This, and writing the buffers to a ramdisk, could be a major help in reducing latency. (Another, of course, would be to make sure the encoder program is small enough to fit within the L1 or L2 cache of your processor, so that cache misses don't cause pipeline stalls.)

Response to events

Posted Dec 29, 2004 4:01 UTC (Wed) by dlang (✭ supporter ✭, #313) [Link]

I think his point was to eliminate any possibility of the system deciding to write to disk, which can freeze the system for the duration of the write on some IDE based systems.

yes it's extreme, but it may be appropriate if the results of failing to meet your deadline are severe enough (for example, a multi-hour recording session wasted becouse the recording isn't useable)

Response to events

Posted Dec 29, 2004 6:12 UTC (Wed) by flewellyn (subscriber, #5047) [Link]

If that's the case, you can call sched_setscheduler(2) to set the scheduler type to FIFO, and then set the absolute priority to 99. That way, NOTHING can interrupt the process, unless it does I/O of its own (I'm assuming that the recording would be using non-blocking reads on the input stream) or otherwise blocks. If nothing can preempt the process, then nothing gets paged to disk. Ever.

This probably still isn't enough for REALLY sensitive stuff, but there's the RTAI patches for that sort of work. There's also the caveat that whatever program runs at priority of 99 had better not have an infinite loop, or it will be unkillable.

Having a root shell at priority 99, and running the process at priority 98, would be a good safeguard: the root shell would usually block, and not do anything, since it would just be waiting for I/O. Only if it actually got some (in the form of a "kill -9") would it preempt the real-time process, and if you're killing it anyway, that's a moot point.

Response to events

Posted Dec 29, 2004 14:44 UTC (Wed) by russelst (guest, #24599) [Link]

There's a handy utility (schedutil) that calls sched_setscheduler() and makes this slightly more user friendly. If you've got multiple processes that are all quasi-RT, you might want to experiement with the RR scheduler option rather than FIFO. If you have lots of disk IO going on concurrently that is not integral with your RT process, you might also want to tune down your pagecache and dentry_cache values as well as use the mlock values specified elsewhere in this thread. Many of the truly ugly/long running/non-pre-emptible kernel bits are in the IO subsystem, so minimizing the impact of non-RT IO is key to success. Of course if your RT process is itself IO intensive, reducing pagecache is counter productive. Ingo's (and others) patches in 2.6.9 and 2.6.10 go a long way to reduce some of these latencies, but there's still much work remaining.

Response to events

Posted Dec 29, 2004 20:55 UTC (Wed) by flewellyn (subscriber, #5047) [Link]

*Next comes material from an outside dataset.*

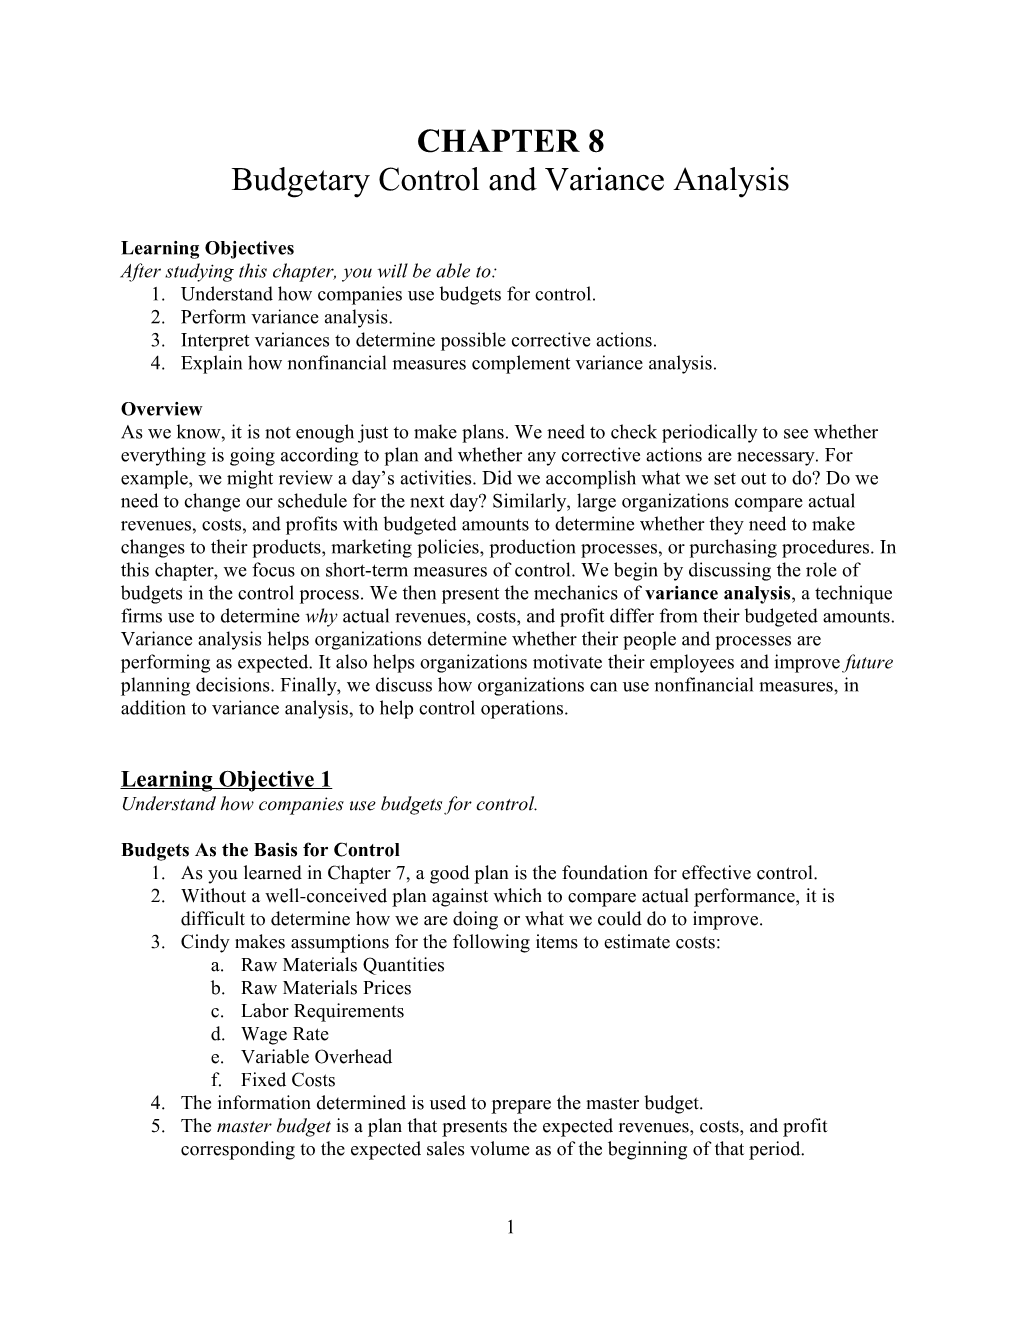 Budgetary Control and Variance Analysis

Oh, yes. The Round Robin scheduler is indeed the way to go if you have multiple processes that need near-RealTime priority ("soft" RT, I think?). I was thinking of the case in which you had only one process which really needed that kind of guarantee. FIFO is the best way to go in that case, since FIFO does no timeslicing (unlike RR).

As for an I/O intensive RT process, I think mlock and output to a ramdisk (if you have enough memory) is the way to go: you minimize the use of the disk, and thus avoid the hangs on I/O. You can then write all the data to disk when the process completes. Again, I'm assuming a situation such as audio or video recording, where there is a definite "end" to the need for the process: once you've made the recording, the data can be written to disk without too much worry about response time, which is critical while the data is being read in.

Response to events

Posted Dec 29, 2004 19:27 UTC (Wed) by jd (guest, #26381) [Link]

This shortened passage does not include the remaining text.